“Waiting is our destiny. As creatures who cannot by themselves bring about what they hope for, we wait in darkness for a flame we cannot light. We wait in fear for a happy ending we cannot write. We wait for a ‘not yet’ that feels like a ‘not ever’.”
-Lewis Smedes
I do not know what you believe about Jesus and what the Bible records about his life and teaching.
In fact, if you read this blog and you don’t embrace the life and teaching of Jesus, I am grateful. I hope what I’ve shared has been helpful to you.
However, unlike other things I write where my faith is often latent rather than explicit in the piece, this post is inexplicably linked to the life and teaching of Jesus.
The Apostle Paul wrote a letter to the church he planted in the Greek city of Corinth. The letter is recorded in the Bible as the book of 1 Corinthians.
In chapter 15 of that book, Paul makes this assertion.
“And if Christ has not been raised, our preaching is useless and so is your faith…And if Christ has not been raised, your faith is futile; you are still in your sins. Then those also who have fallen asleep in Christ are lost. If only for this life we have hope in Christ, we are of all people to be pitied.”
-1 Corinthians 15:14, 17-19
As a follower of Jesus, I believe the accounts of the life and teaching of Jesus as presented in the books of Matthew, Mark, Luke and John within the pages of the Bible. I believe God came to earth and made his dwelling among us. We meet God in the form of Jesus within the pages of these four eyewitness account of His life and teaching. These four accounts end with the crucifixion, death and resurrection of Jesus. I believe Jesus conquered death and the powers of evil and darkness when He stepped out of that grave on an early Sunday morning that we now celebrate as Easter.
The Resurrection is my source of hope. Because of the Resurrection, what I see and experience in the here and now can be radically altered. What has been does not always have to be. I believe that since Jesus conquered the power of death and sin that we experience everyday in this broken world, He can bring new life, hope and resurrection to my corner of the world today.
The kind of hope I am praying that you embrace is not merely a “hope in hope”. This hope is rooted in the only thing which pushes back on the darkness, pain and loss that we’ve experienced in the past. The only thing greater than the brokenness, evil and injustice we’ve pushed up against is the Resurrection of Jesus.
[Tweet “The strength of your hope is dependent on the object of your hope.”]
As I have studied the importance of the Resurrection, two insights became increasingly clear.
1. The Resurrection is the bedrock of life for any person who follows Jesus.
If Jesus did not defeat death, if he remained in the grave, if he is merely another wise teacher and disappointing revolutionary, then he is another victim of the system, of the institution. “The man” got to Jesus, squelching him.

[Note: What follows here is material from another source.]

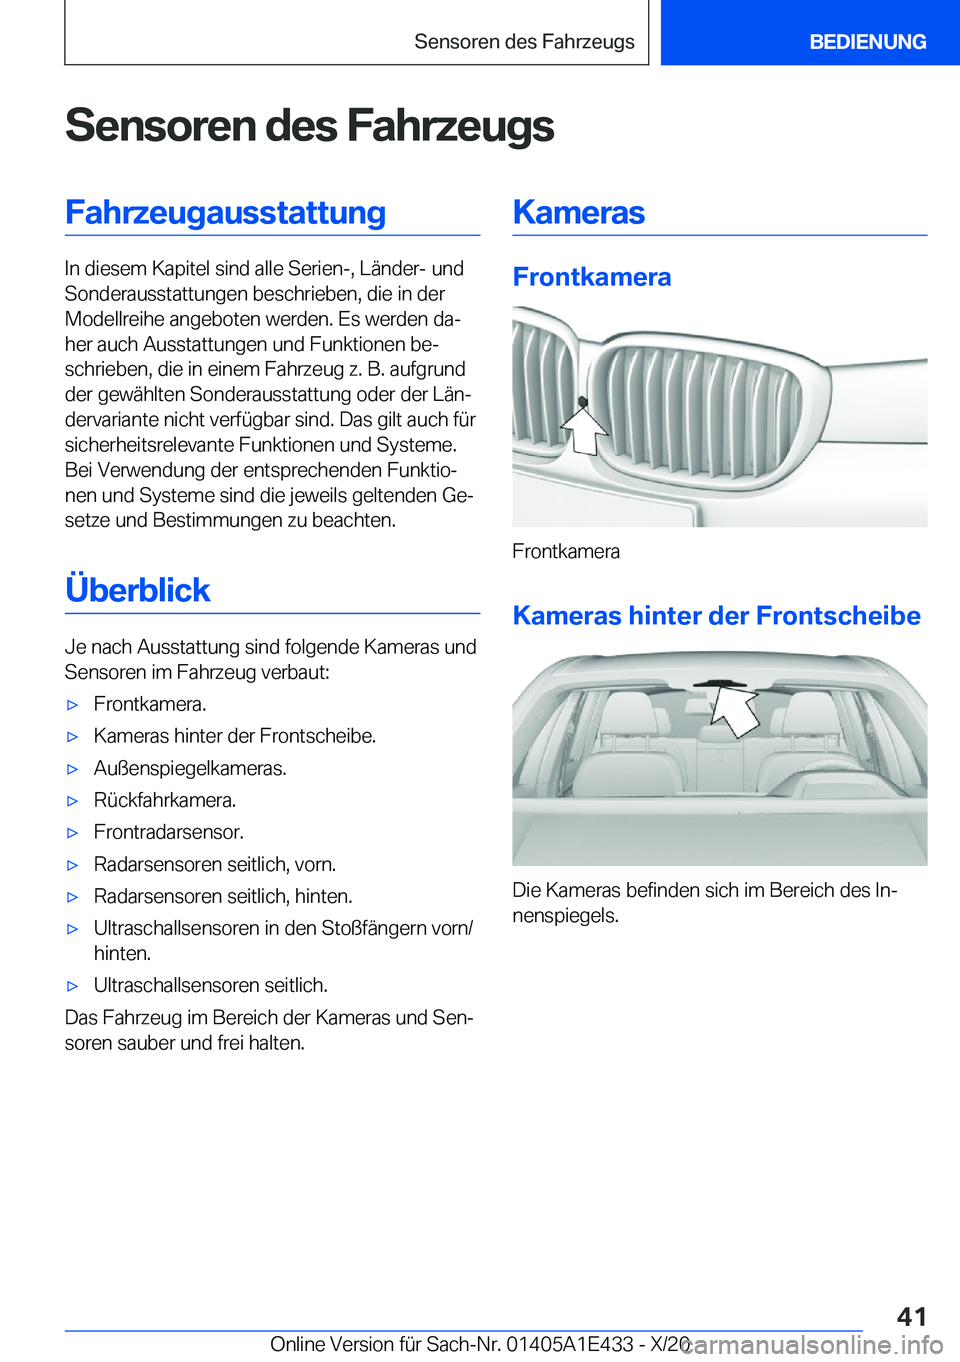 BMW M3 2021  Betriebsanleitungen (in German) �S�e�n�s�o�r�e�n��d�e�s��F�a�h�r�z�e�u�g�s�F�a�h�r�z�e�u�g�a�u�s�s�t�a�t�t�u�n�g
�I�n��d�i�e�s�e�m��K�a�p�i�t�e�l��s�i�n�d��a�l�l�e��S�e�r�i�e�n�-�,��L�

As Paul wrote to the Corinthian church, if Jesus did rise from the dead, then preaching, faith and hope – it’s all in vain. Followers of Jesus are to be pitied today.
However, if it did happen, then that is something worthy of building a sense of hope on to sustain us, as we push back against the darkness of fear, cynicism and bitterness.
2. Many people live long periods of their lives between the death of something they lost and the resurrection of something new.
For the disciples of Jesus, the time that passed between Jesus’ death on Friday and his resurrection on Sunday must have been an incredible experience. Grief, loss, disappointment, despair – those emotions abounded within their bodies. Emotions that the body was never meant to contain. They did not ever conceive that this Messiah they were following would fall victim to the institutional and political powers that came crashing down on Him.
Unlike us, they were not able to continue reading the story through death to resurrection. They were living the story and those parts had not been lived yet, much yet written. They were stuck, waiting and wondering what would happen next. As they waited, they were disabused of their idealism in a way we may never know.
[callout] “Most of us live between the death of our idealism and the resurrection of something new in its place.”[/callout]
We live between idealism and hope. In the meantime, we fight battles with cynicism, bitterness, and fear. We stumble and fall, looking for new footings.
As you wait for the joy of tomorrow morning, there will be moments in your life when a “not yet” feels like “not ever”.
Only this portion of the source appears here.